Slasher flicks
By JEFFERSON WEAVER
I read part of yet another study the other day descrying the decline of morals in teenagers.
Now, I trust most polls and studies about as far as I would a hungry possum in my chicken yard, although I will admit I don’t shoot pollsters. At least not as often as I shoot raiding possums, but that’s neither here nor there.
This particular study (which was naturally contradicted by another one, which was in itself contradicted) claimed premarital sex, drug and alcohol use, date rape, cheating, lying, and generally bad behavior are on the rise. It didn’t place the blame on the shoulders of the parents who refuse to turn off the TV and video games, or on any of the other easy targets. It said teens didn’t have enough positive reinforcement of good examples, or some such psychobabble.
I would tender this solution to the problem: make them watch horror movies.
Hear me out: yes, horror movies are full of the very things to which no parent wants their child exposed. Those semi-classic teenage sexploitation flicks of the 1980s and 1990s were full of sex, drugs, alcohol, blood, and violence.
And guess what? The people who enjoyed such immoral activities died. Mean people died. Rude people died. People who lied to their parents about going to a party died.
While they are gruesome, those movies might serve a purpose after all, a higher social purpose.

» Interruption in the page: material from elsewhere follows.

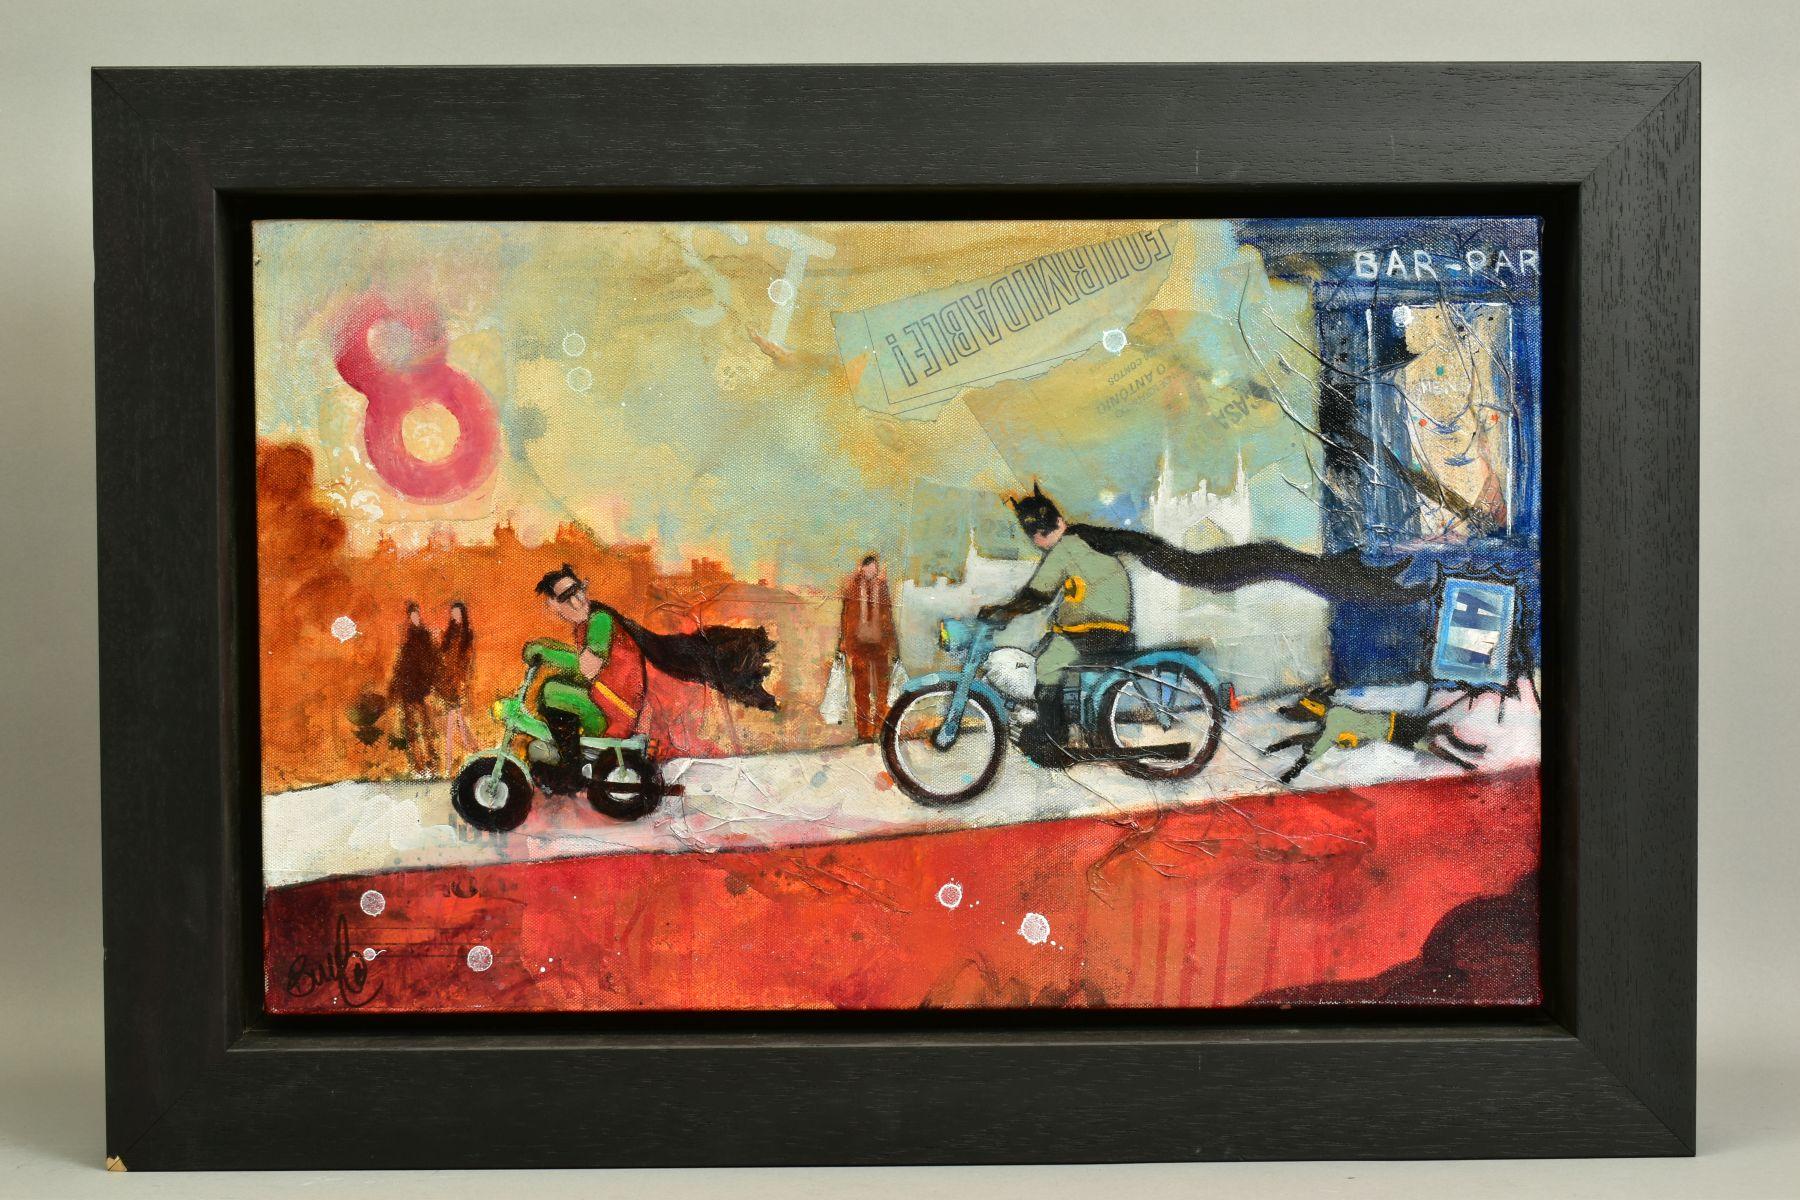 RICHARD BUREL (FRANCE 1974), 'Batman & Robin', the comic super heroes riding mopeds, signed bottom
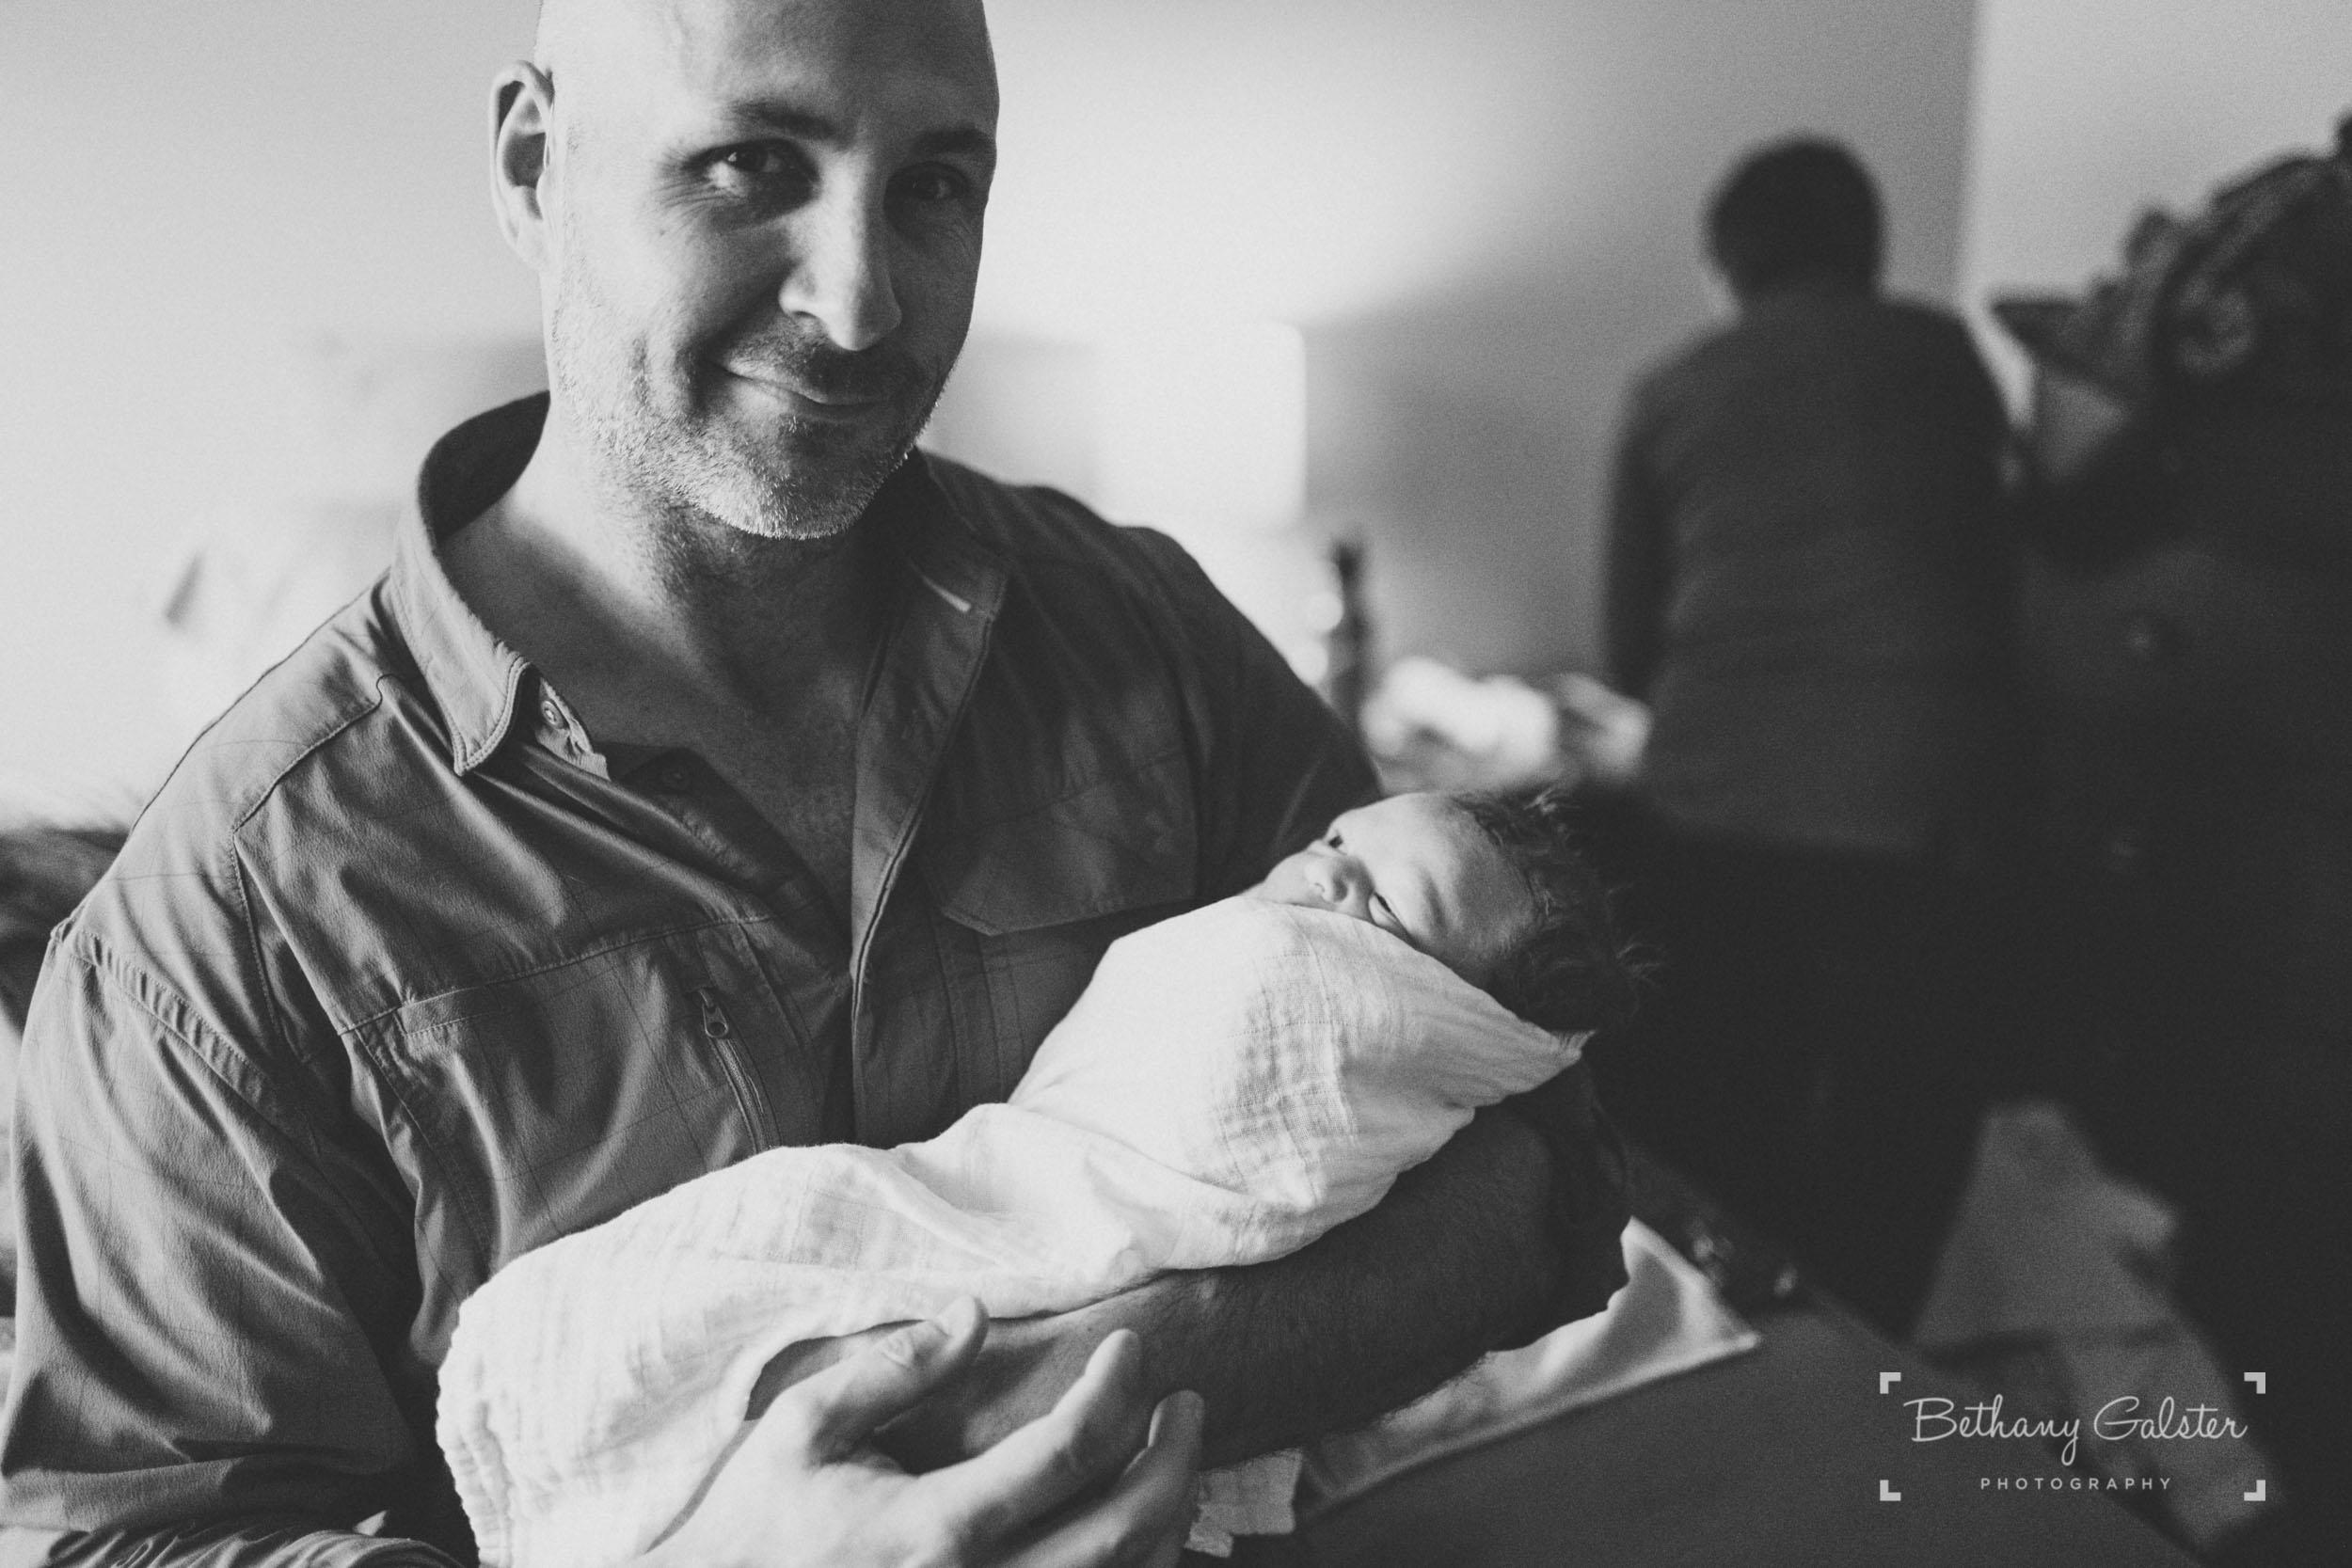 Bethany Galster Calgary Birth Photographer (25 of 25).jpg

The possibility of being hacked by a lunatic who haunts dark side roads and magically keeps cars from starting should be enough to take the libido out of the randiest young’un. Being chased through an old house by a fire-scarred ghoul should take most of the incentive out of smoking pot.
The plot of mischievous teens being turned into cadavers is so common that a parody of horror movies even mentioned the rules of surviving serial killers: people who don’t have illicit sex, don’t use drugs or alcohol, and have sense enough to take the initiative generally survive.
While I am not a big fan of slasher flicks, my beloved Miss Rhonda is something of a connoisseur of the chainsaw-wielding, hockey-masked psychotic antiheroes of Hollywood. More times than I like to admit, I have been re-subjected to a movie that I am ashamed to admit I paid good money to see when I was a teenager (without, I might add, my parents’ knowledge or permission).
So maybe, just maybe, we should add horror movies to health and sex education classes.
Separate the classes by gender (why this is such an issue is beyond me), and make sure they have the book work, and watch the dreadfully-produced, hyper-hyperbolic, euphemism-laden, “educational films” that left teenagers of my generation even more confused (and curious) about sex and reproduction.
Then take the classes into a dark auditorium and show them a marathon of Friday the 13th and Halloween movies.
Point out that the people who survive encounters with ax-wielding lunatics are oftentimes the ones who would never have to rely on a videotape to remind them what happened on spring break, while those who would willingly be on a “Girls Gone Wild” segment meet rather disgusting ends.
Naturally, I am kidding. The solution to the whole “young people are going straight to Hell” crisis one which I’m sure has been around for centuries is much simpler. All we need is for parents to be parents not buddies, not friends, not companions when kids want to be kids.
Take the lawyers and the social scientists and the so-called experts out of the equation and replace them with good examples, common sense, and manners.
Simplistic? Sure. But I can assure you I was far more frightened of my father’s disapproval or my mother’s anger than anything ever done by the most evil big screen ax-murderer.
Had some of the movie murderers been raised by folks like mine, who knew the difference and the requirements for a hug or a wallop, I think we’d have far fewer young’uns for movie murderers to chase screaming through the woods.
All it takes is love, real discipline, faith, good examples and accountability.
Well, and the knowledge that if you blow enough holes in a chainsaw-wielding maniac, he will eventually leave you alone.